The bartender turned for the phone, and the boy groaned again. His eyes were foggy but clearing. Teach shoved his arm up to let him know his situation.

The bartender put down the phone and came over. “They’re coming.” He looked at the boy’s face on the carpet. “Jesus,” he said, “look at the mess you’re making. I gotta get Malone in here.”

Malone? Malone?
Teach thought.
Ah yes, this is Malone’s Bar.
He looked around now, out of the bright tunnel of violent energy that, for a few moments, had included only him and the boy and what had to be done. The bartender was on the phone talking to Malone. McLuster sat at a table against the wall, a wad of paper towels pressed to his crotch. The tunnel widened even more, and Teach heard him whisper, “Christ, I don’t believe this.”

Teach tried to think of a comforting word for the man. It seemed right even though he had, by his lights anyway, already saved him from a cut throat. The black boy gave a long, low moan. Teach tightened his grip and glanced up at McLuster. It occurred to him that he needed the man. McLuster was his witness.

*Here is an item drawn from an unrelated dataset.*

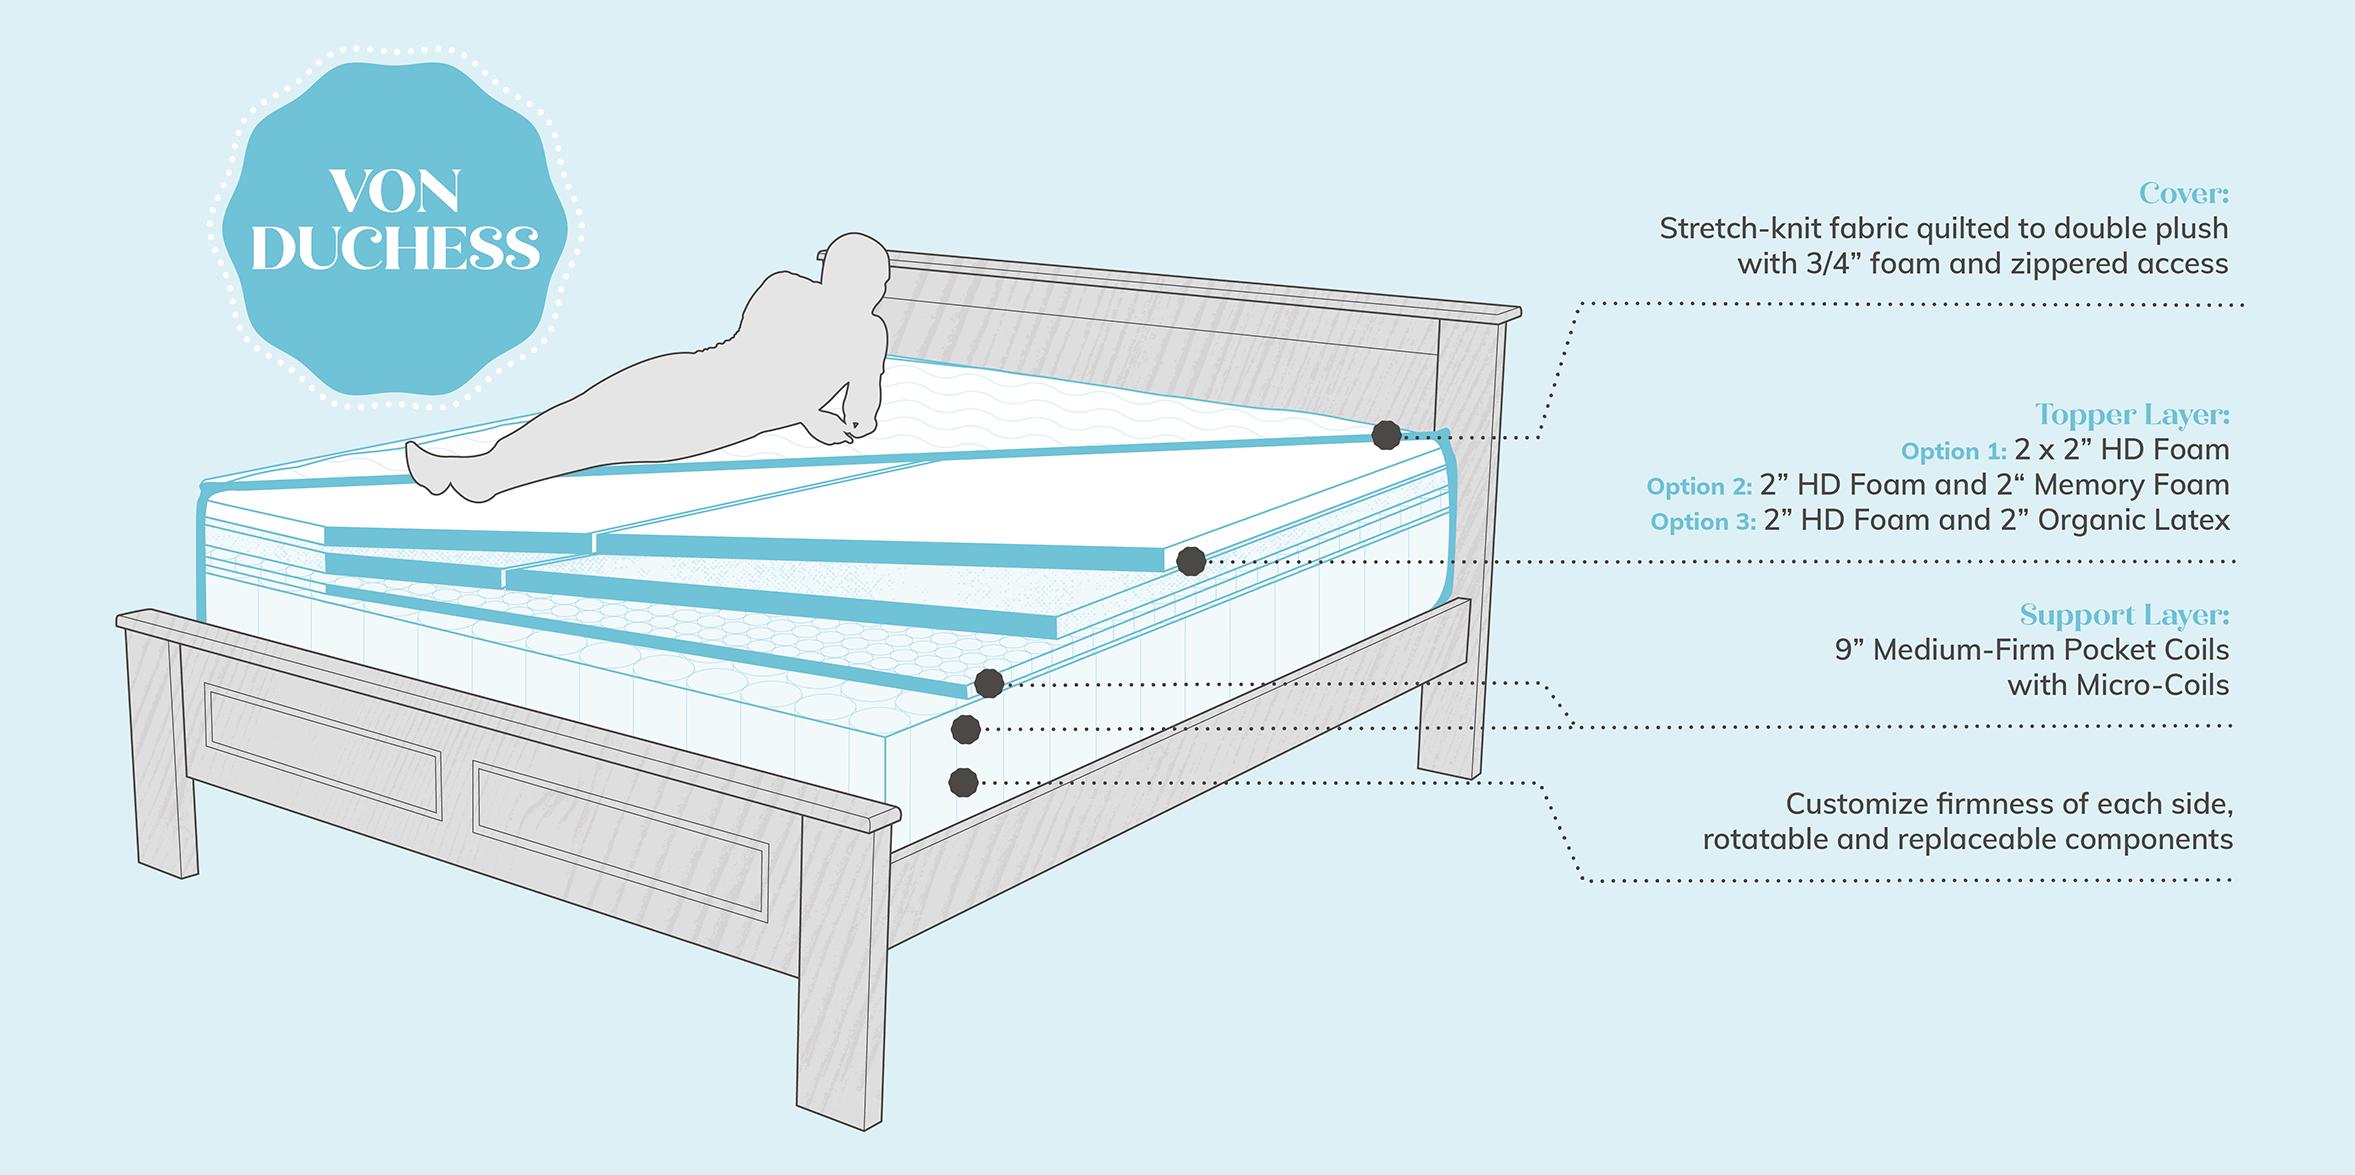 Pocket Coil Mattress Diagram - Von Duchess
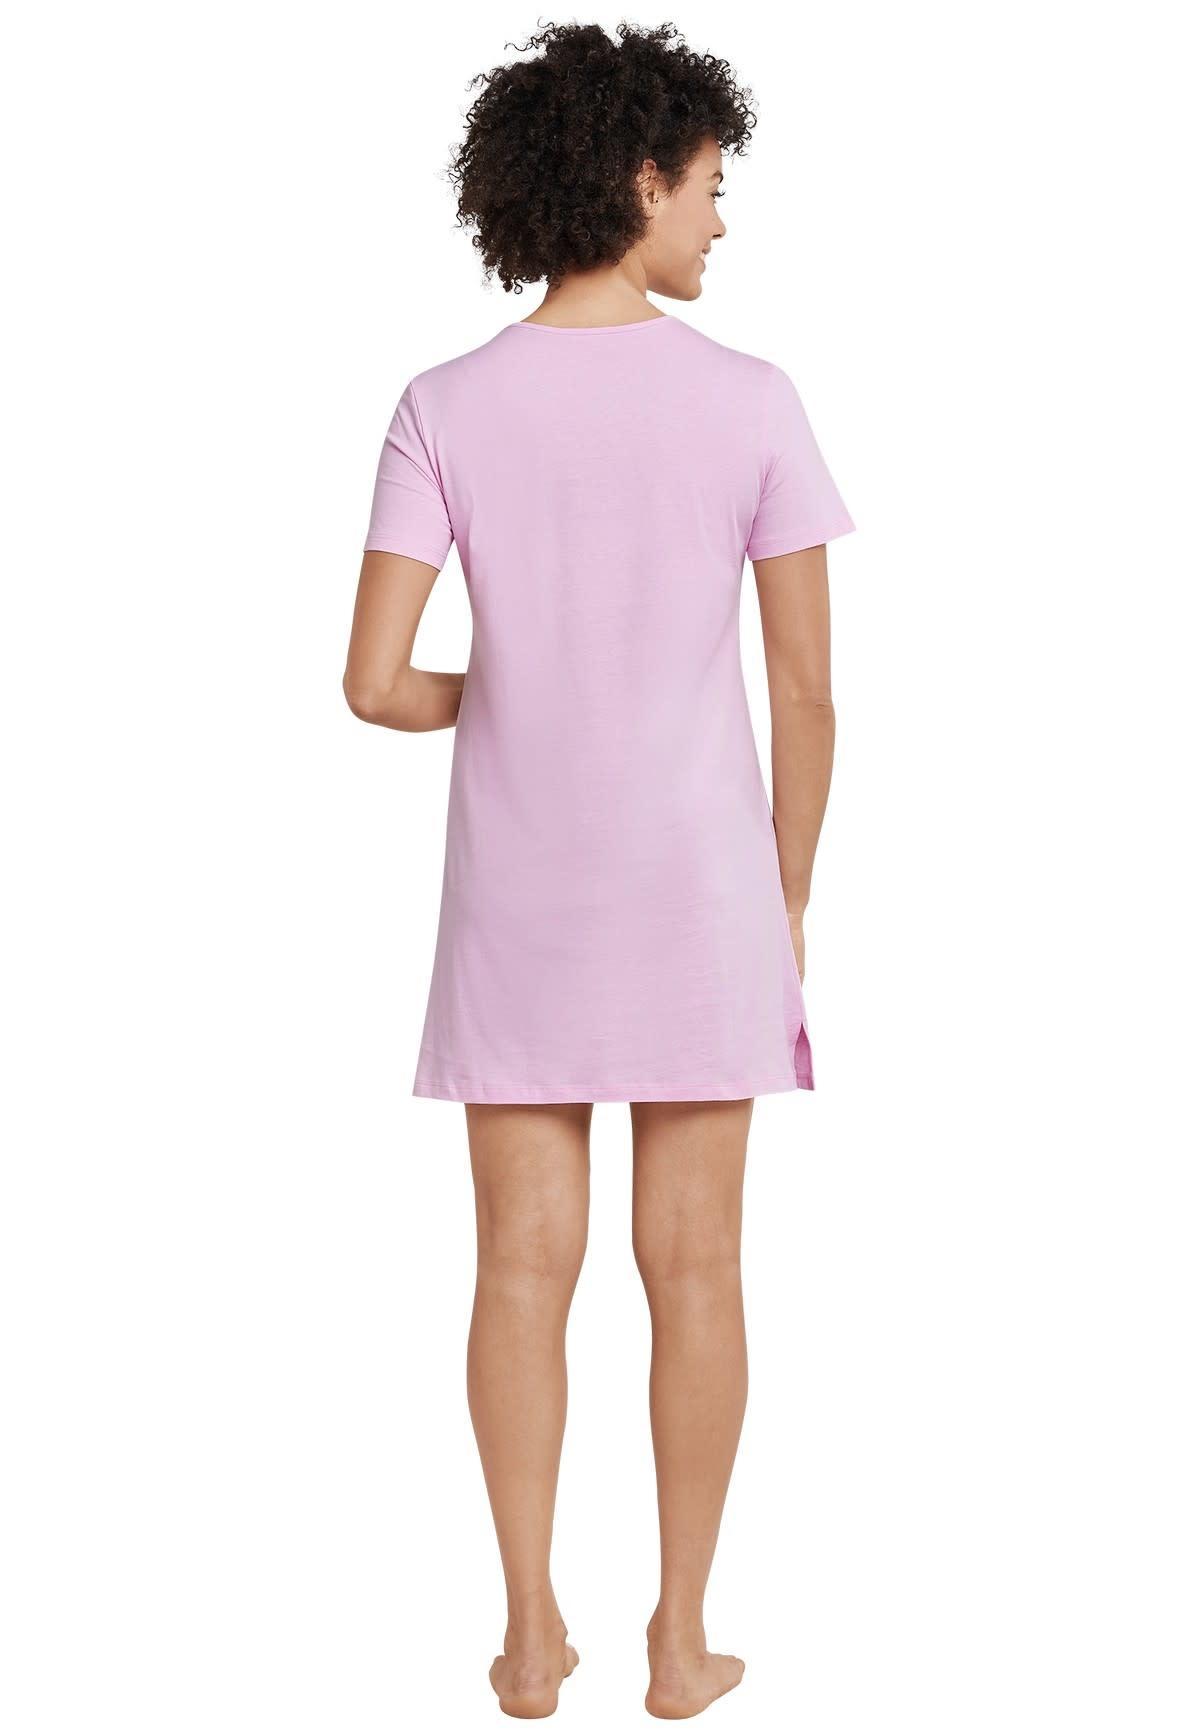 Nachthemd korte mouw 169488 - roze-2

A customer came in, an old guy in white Keds, khaki Bermuda shorts, and a Tampa Bay Bucs T-shirt. Bald head, hairless limbs, and tortoiseshell sunglasses with a white plastic nose cap. He took two steps into the bar, saw Teach and the black boy on the floor, pushed his sunglasses to his face, and tiptoed out.

Teach watched the door, hoping that McLuster would not leave. And what would you do? Would you wait around like he is doing? Be a stand-up guy for the man on the floor with the bad kid, the guy who saved your ass? Or would you haul ass out of here, write this off as absurdity and rotten luck? Let the guy on the floor deal with the cops. Hell, it was an easy enough story to tell. A straightforward tale of armed robbery thwarted by the decisive action of a man who knew what to do and had the wherewithal to do it.

The door opened again and two men in sport coats and ties came in. The first was black, about six feet tall, stocky, maybe in his early forties, carrying some ribs and corn bread around his middle but carrying them well. The man behind him was white, short, and rail-thin. They stood taking in the situation. Teach on the floor holding the boy, McLuster pressing the ball of towels to his crotch, the bartender on the phone giving Malone a play-by-play.

The black cop walked over and put his hand on Teach’s shoulder. There was a world of authority in the hard way the man touched him. Teach remembered this touch. He got up, stepped back, and took a deep breath because it was all over now but the talking. He took another breath and felt in his gut the dizzy ebbing of the tide of adrenaline that had started when the boy had stepped through the men’s room door and said . . . What was it? Teach couldn’t remember now.